» Work task
Find "Valentino Eyewear V-essential" in the listing below, then set down only that line and each later line, unchanged, leaving out pictures.

» Information provided
──────────

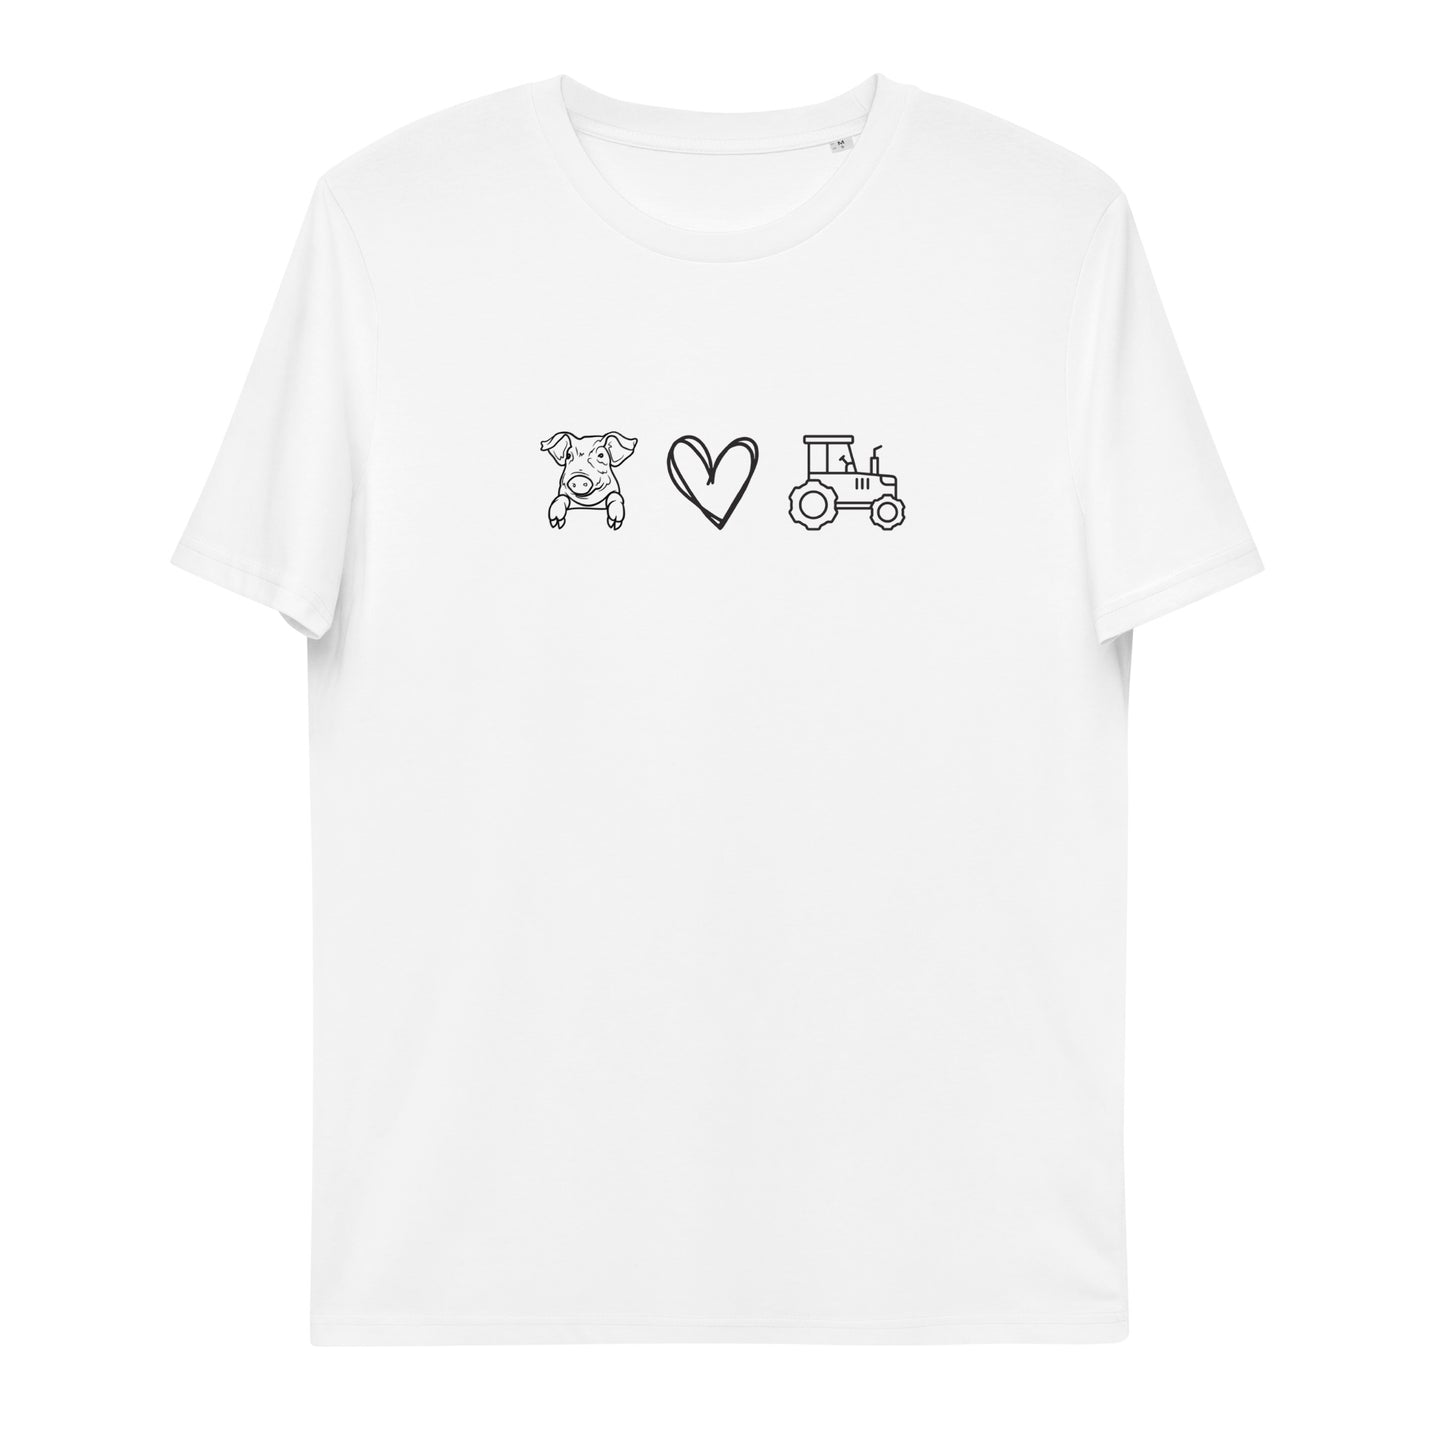 Schweinchenliebe - Unisex T-Shirt
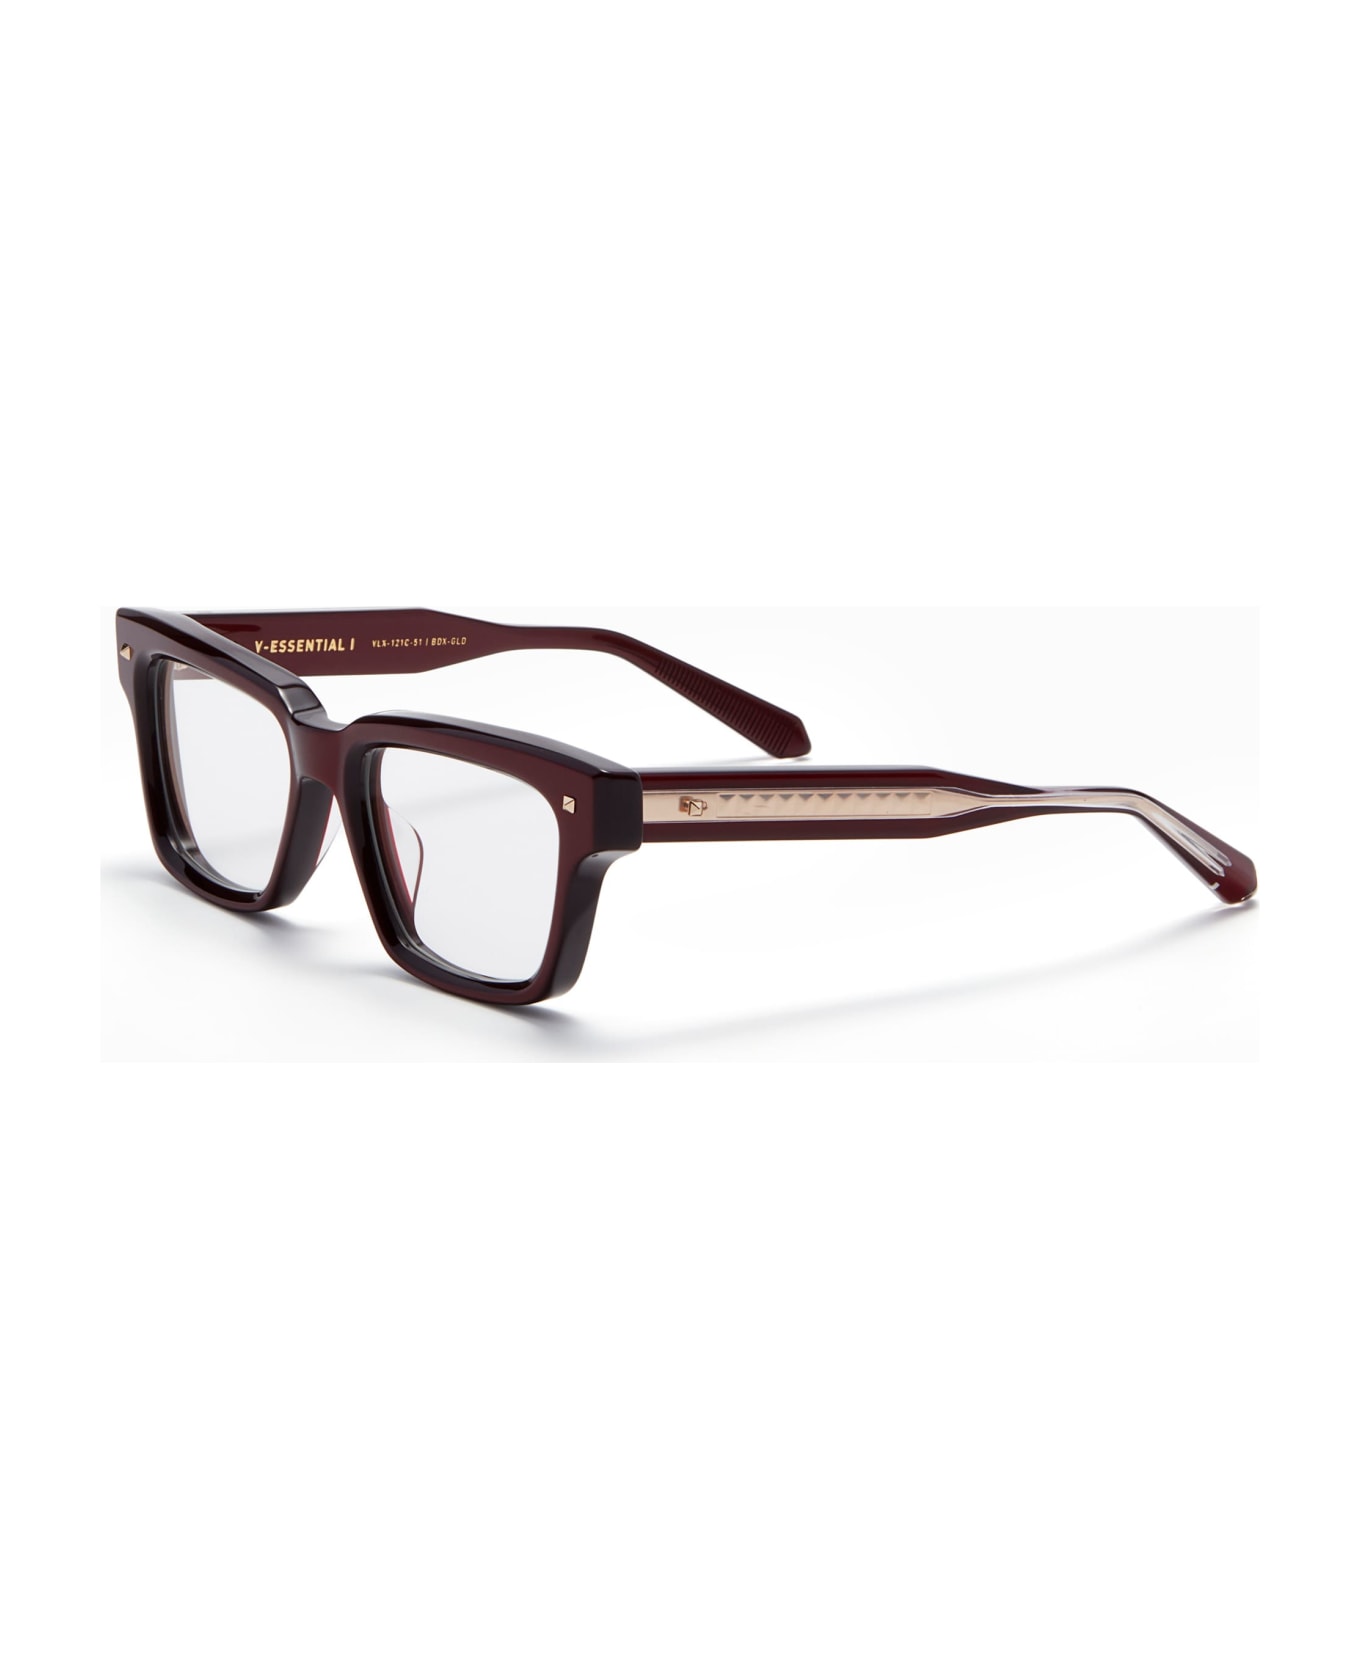 Valentino Eyewear V-essential I - Burgundy Rx Glasses - burgundy アイウェア
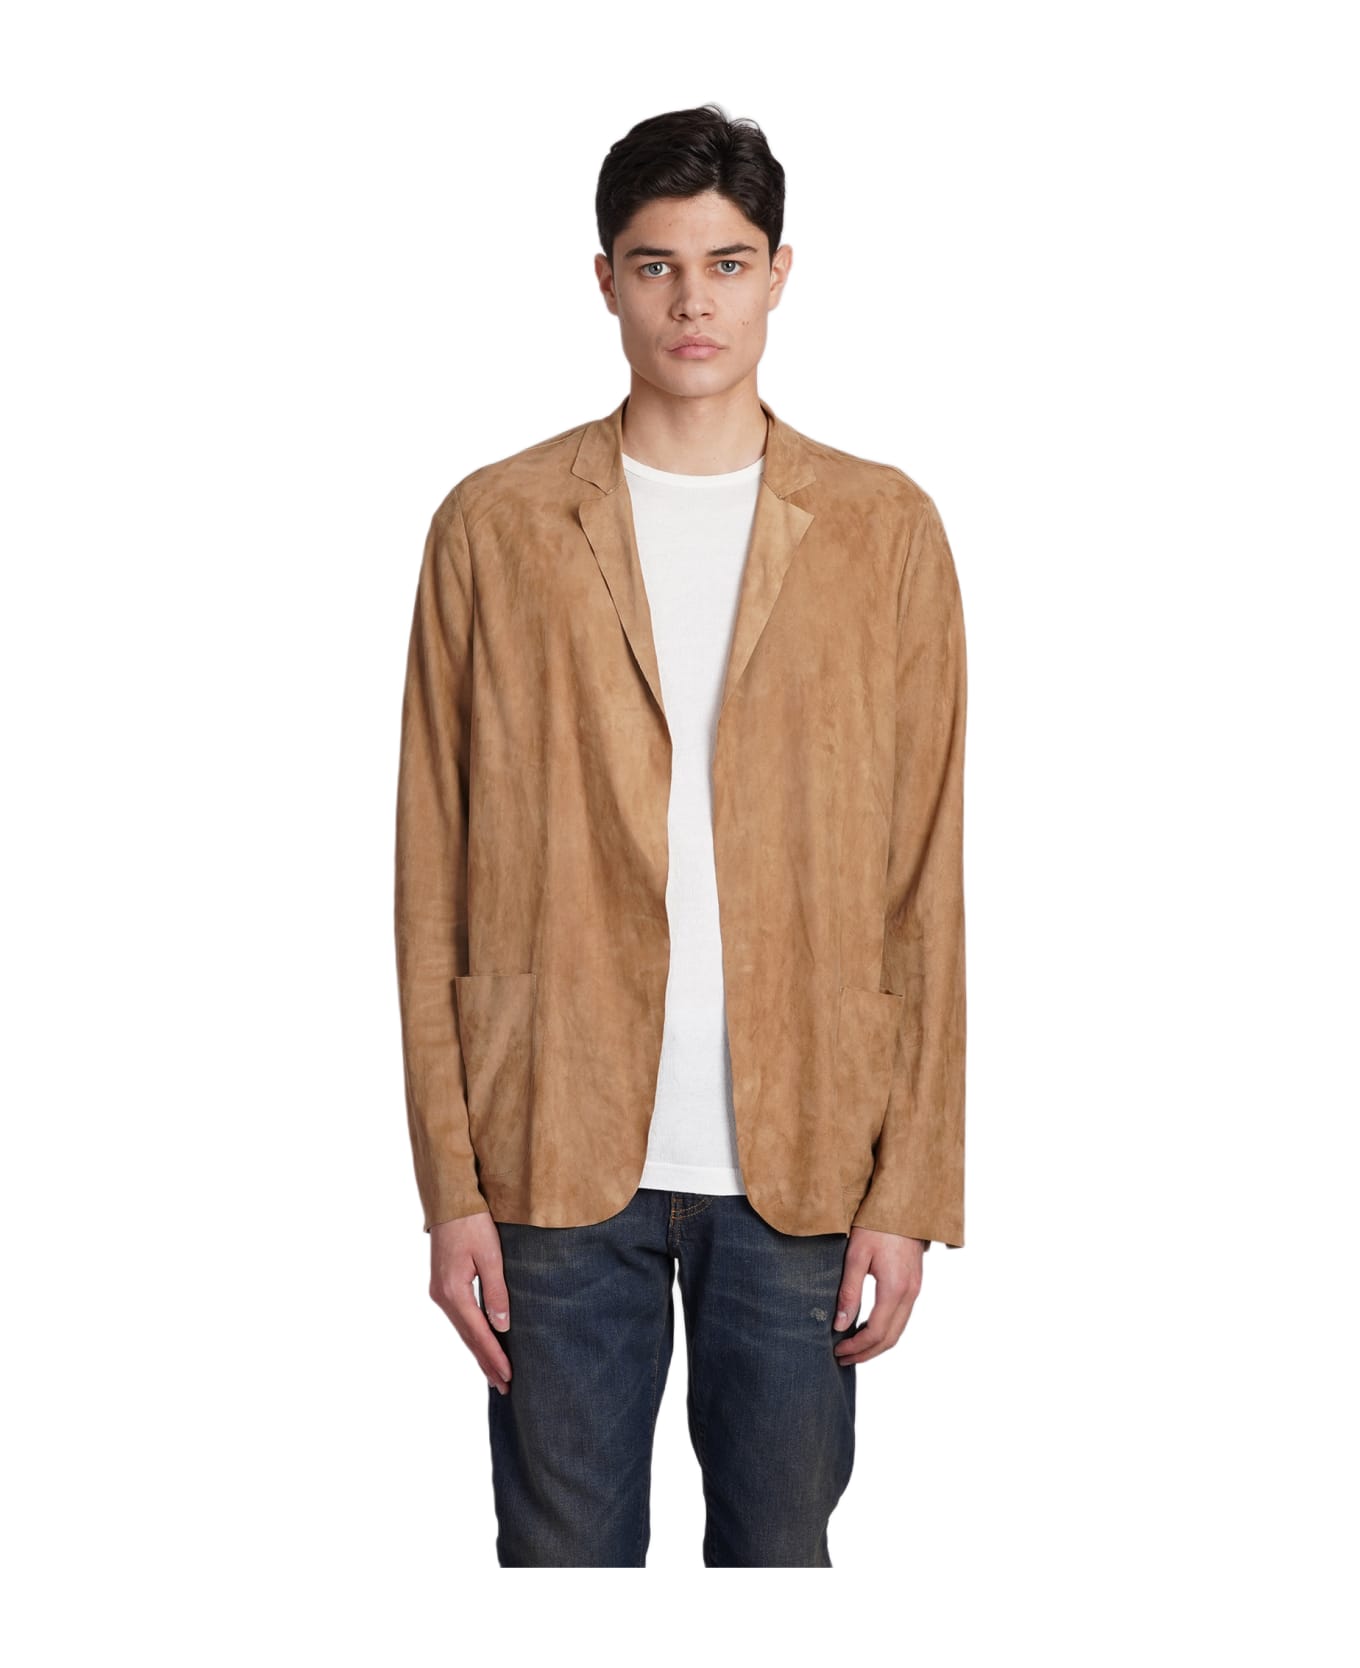 Salvatore Santoro Leather Jacket In Beige Suede - beige

──────────

» Answer for this exercise
 Valentino Eyewear V-essential I - Burgundy Rx Glasses - burgundy アイウェア
 Salvatore Santoro Leather Jacket In Beige Suede - beige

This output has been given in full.